Leon Draisaitl scored a goal and added an assist as the Edmonton Oilers defeated the Florida Panthers.

SUNRISE, Fla. — Mikko Koskinen, Adam Larsson, Jujhar Khaira. And of course, Leon Draisaitl.

The recipe for winning, when you’re a long way from home with a quarter of your team either injured or suspended, requires a precise set of ingredients.

It starts with stellar goaltending. Like, not just really good. Stellar.

Then you need a goal from an unlikely source, like Larsson. And if you get both of those, the role players still have to up their game a notch, as Khaira did.

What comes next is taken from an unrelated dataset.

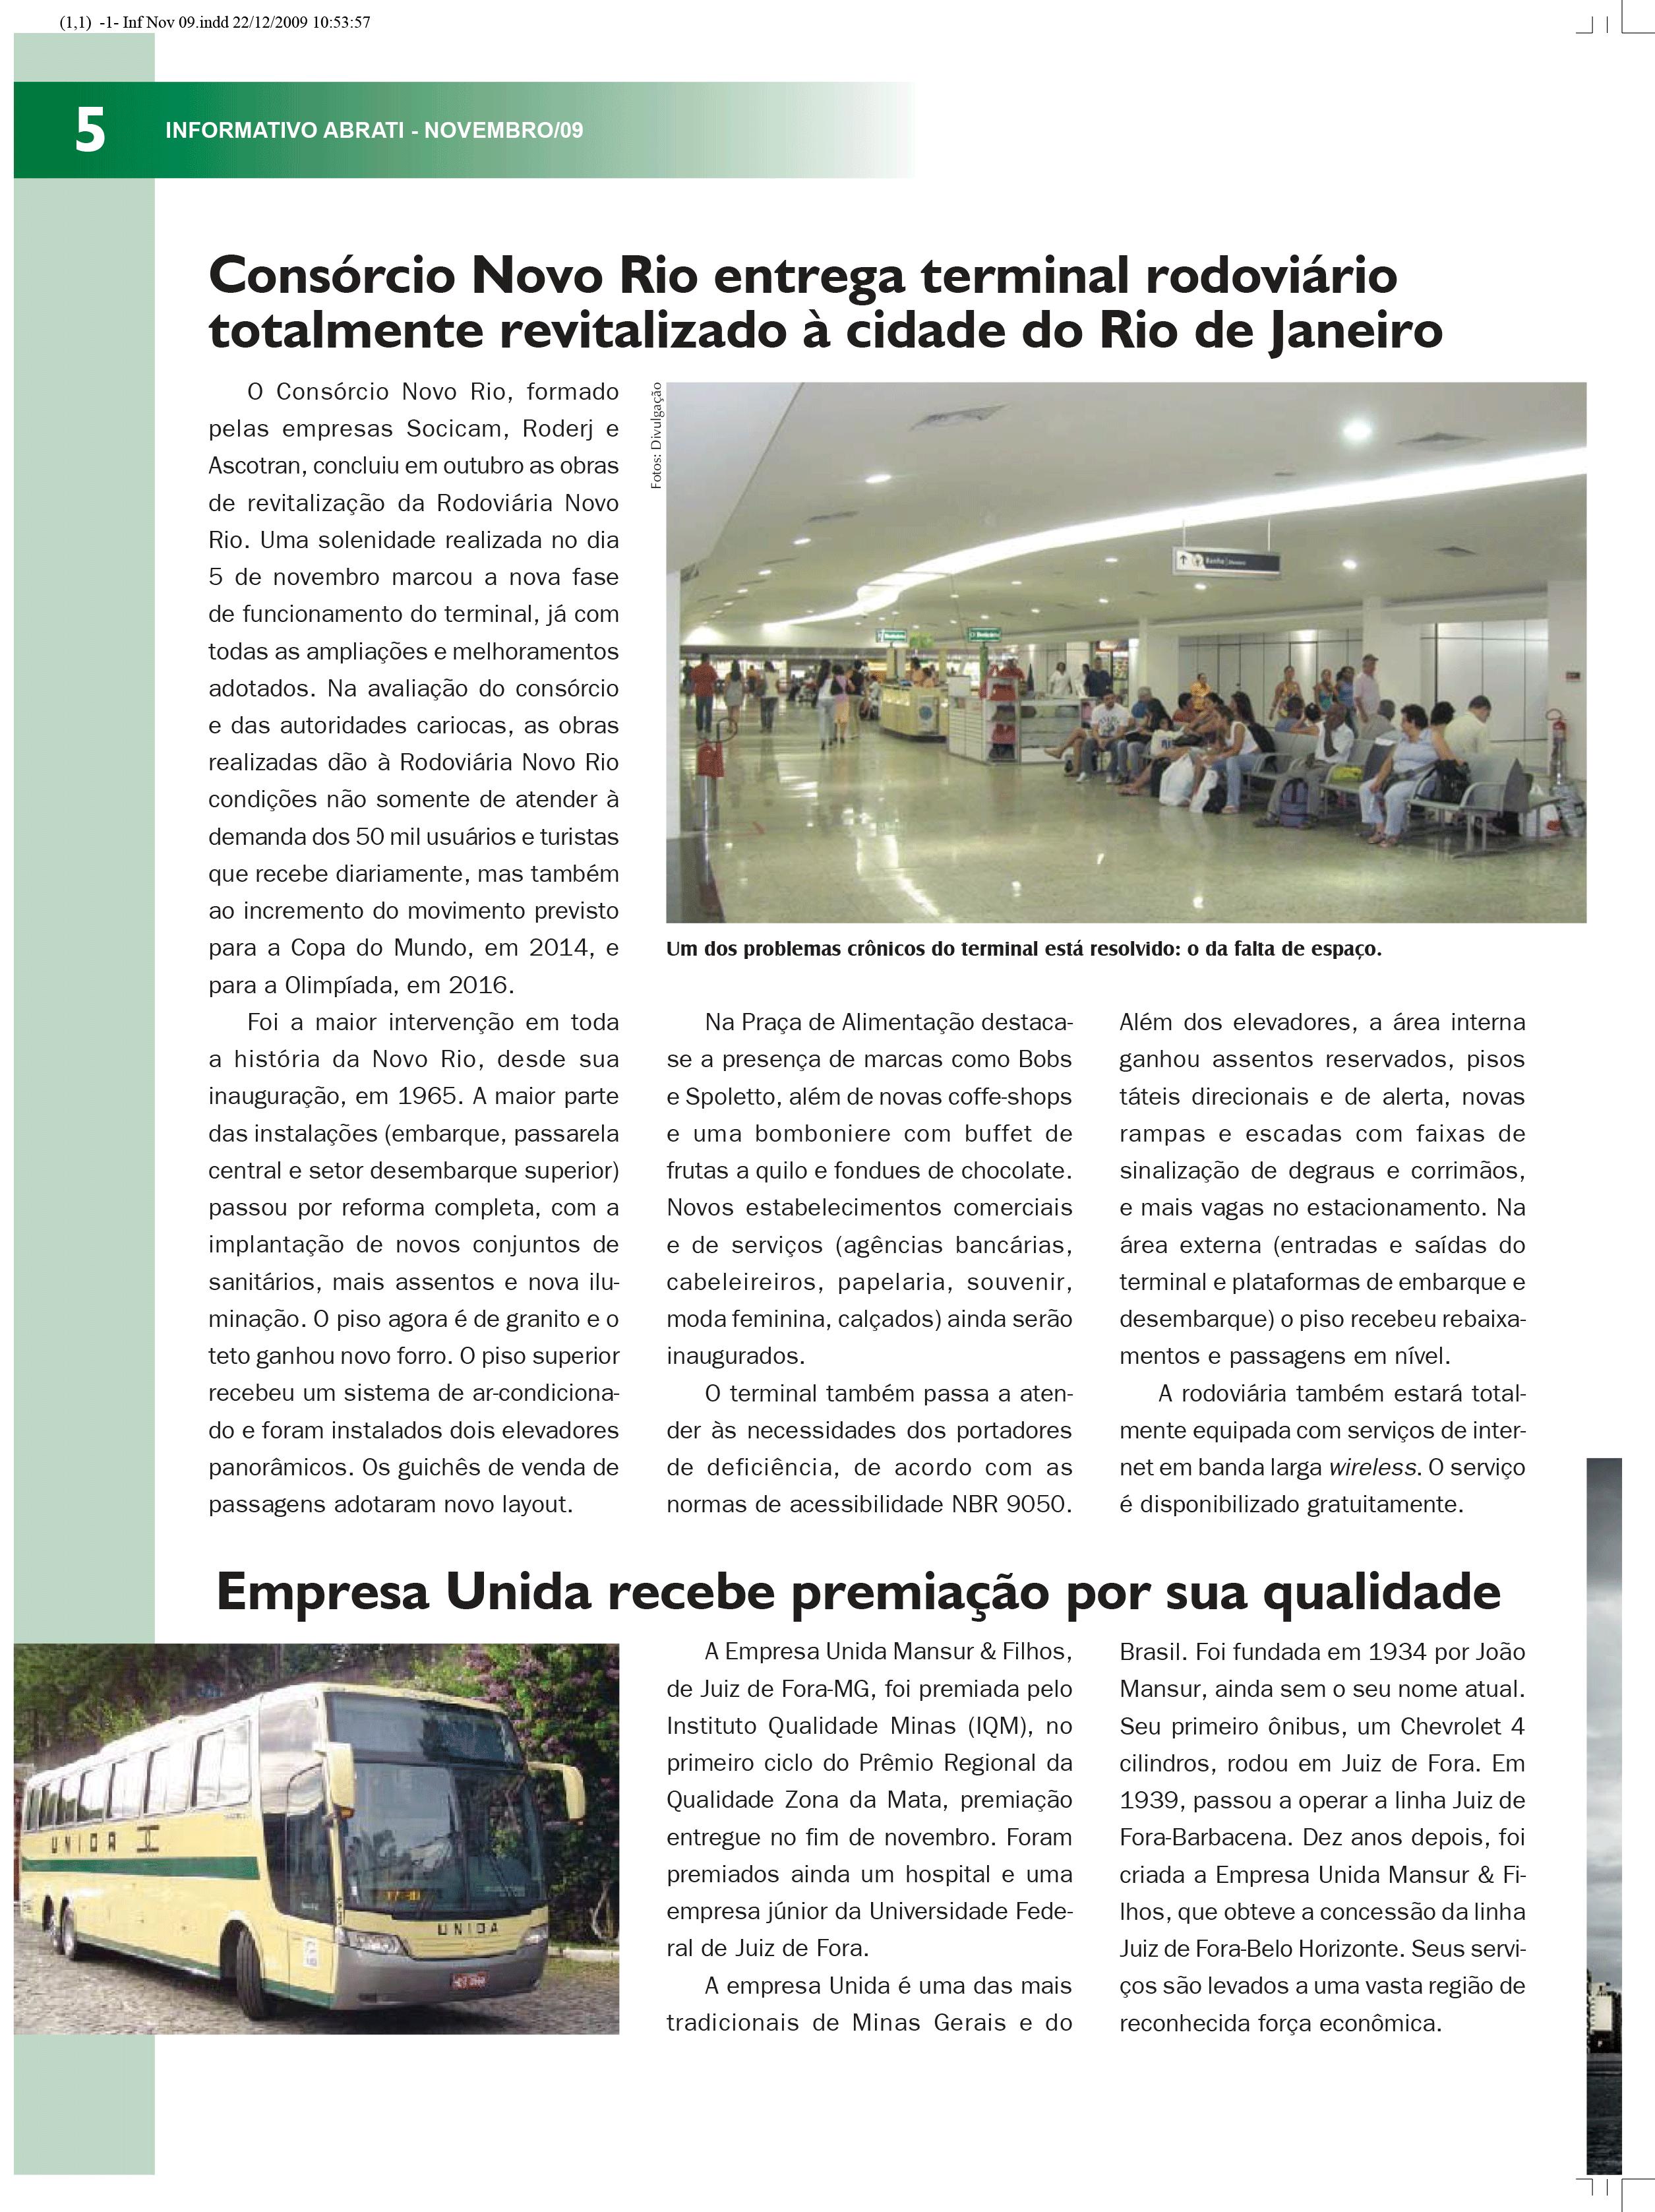 Informativo Novembro 2009

Finally, your star player who is still healthy and in the lineup? He has to play like the superstar he has become. Which Draisaitl did on a two-point, plus-three, 23:35-minute night.

"He’s the second-best player in the world for a reason," said Kailer Yamamoto, who had an empty-netter and two assists. "The things he does with the puck, not many people can do it. It’s unbelievable and I think he’s just getting started in his career."

The Edmonton Oilers checked every one of those boxes on a rainy night in Sunrise, Fla., Saturday afternoon, dropping the Florida Panthers 4-1 in a game that was much closer than the score lets on.

Darnell Nurse and Yamamoto had empty-net goals, disguising this tight 2-1 victory as a 4-1 win — exactly the kind of game a depleted team needs to prove to itself that it can win, with names like Connor McDavid, James Neal and Zack Kassian out of the lineup.

"Everyone gets a little bit more opportunity," Khaira said. "These are exciting games, and when Connor, Kass, Nealer and all those guys get back in, we want to be in the same spot where they left off."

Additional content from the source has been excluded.